I recently graduated with a Master’s Degree in Fashion Design from RMIT. After working in the marketing field for many years, I decided to pursue my childhood dream of becoming a fashion designer. I conceptualise and produce fashion inspired by human behaviour and cultural intersections. I am obsessed with construction and pattern making, therefore, I like to use them as tools to explore and express my ideas.

Tell us about your collection.

The over lapped collection is an overlay of Western men’s archetypes with Vietnamese surface design techniques. Forms and silhouettes are designed to reflect classic fashion archetypes, while Vietnamese floral motifs, hand painting, colours and fabrications are embedded through the collection for a fresh aesthetic. 

When did you know you wanted to get into fashion design?

At the age of five, my friends would compete with each other to own the prettiest drawings that I drew on walls or doors. After the war, we moved from North Vietnam to the south and lived in a neighbourhood with several famous tailors in Saigon. I collected remnants from the tailors and started making dresses for dolls, which was my favourite childhood pastime.

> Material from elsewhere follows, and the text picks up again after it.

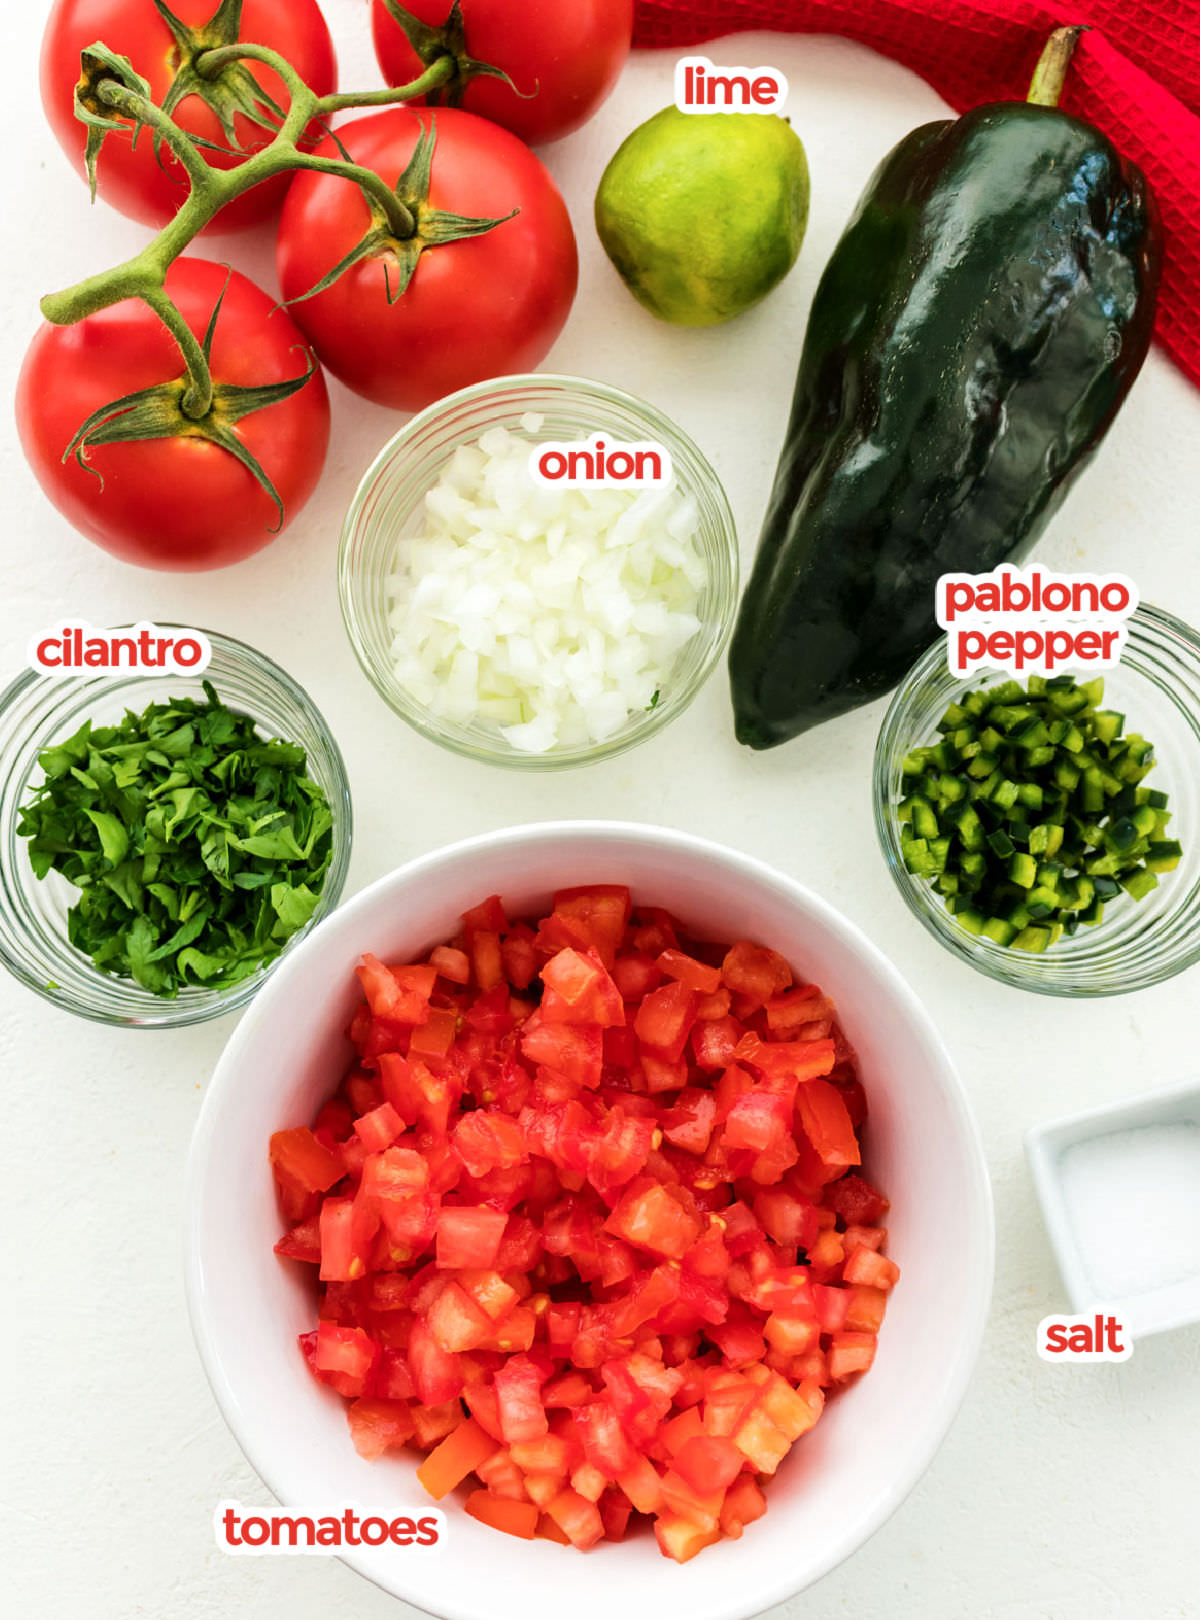 All the ingredients you will need to make Pico de Gallo including tomatoes, cilantro, onion, pablono pepper, lime and tomatoes on the vine.

However, when it was time to go to college, going to an art school was a luxury in Vietnam because of very limited job prospects, so I ended up taking commerce instead. After many years working in marketing, I kept thinking of becoming a designer, and in 2013 I decided to study fashion.

How would you describe your design style?

I am interested in challenging the notion of classic fashion forms and archetypes to investigate their fundamental elements and understand their significance. 

What were the major points of inspiration for your graduate collection?

The collection is inspired by my own journey as a Vietnamese person married to an Australian and celebrates cross-culture. It reflects everyday aspects of life, from my husband’s work clothes to Vietnamese motifs, fabrication and surface design techniques.

Tell us about the experience of putting together your graduate collection.

The most challenging aspect of the process was transforming the concept into garments that are wearable but reflect my ideas at the same time. By constantly revisiting my research and making numerous prototypes, I was able to refine my work and make the necessary changes. For me, studio work and research are inseparable. The process of going back and forth between these helps shed light and clarifies so many questions that come up during the project. Discussing ideas with my peers and lecturers was important in helping me challenge myself to generate and elevate my ideas. Organisational skills were also vital because the whole project was about working against time and required a lot of coordination with others. And the most important thing is being kind to each other.

What part does sustainability play in your design practice?

As a designer, I always try to be aware of my own practice. I applied several methods during the different phases of the project.

Material sourcing phase: prioritising dead stock and natural fibres – more than 80 per cent of the material in this collection is deadstock, and about 70 per cent is natural fibres.

Designing phase: increasing the value and longevity of garments by finishing them well and using good materials; applying modular design, which allows audiences to participate in the re-design process; well-planned sizing and cutting to accommodate several shapes and sizes, both male and female.

Production phase: maximising the usage of fabric in order to reduce waste.

What’s next for you?

With my collection, I won the Australian Fashion Foundation award, which allows me to intern with a fashion company in New York. This opportunity will enable me to gain more skills and experience, and build a strong international network for a better future. In the meantime, I have been working with local artists on a project to upcycle used clothes and collaborating in a small exhibition with a friend.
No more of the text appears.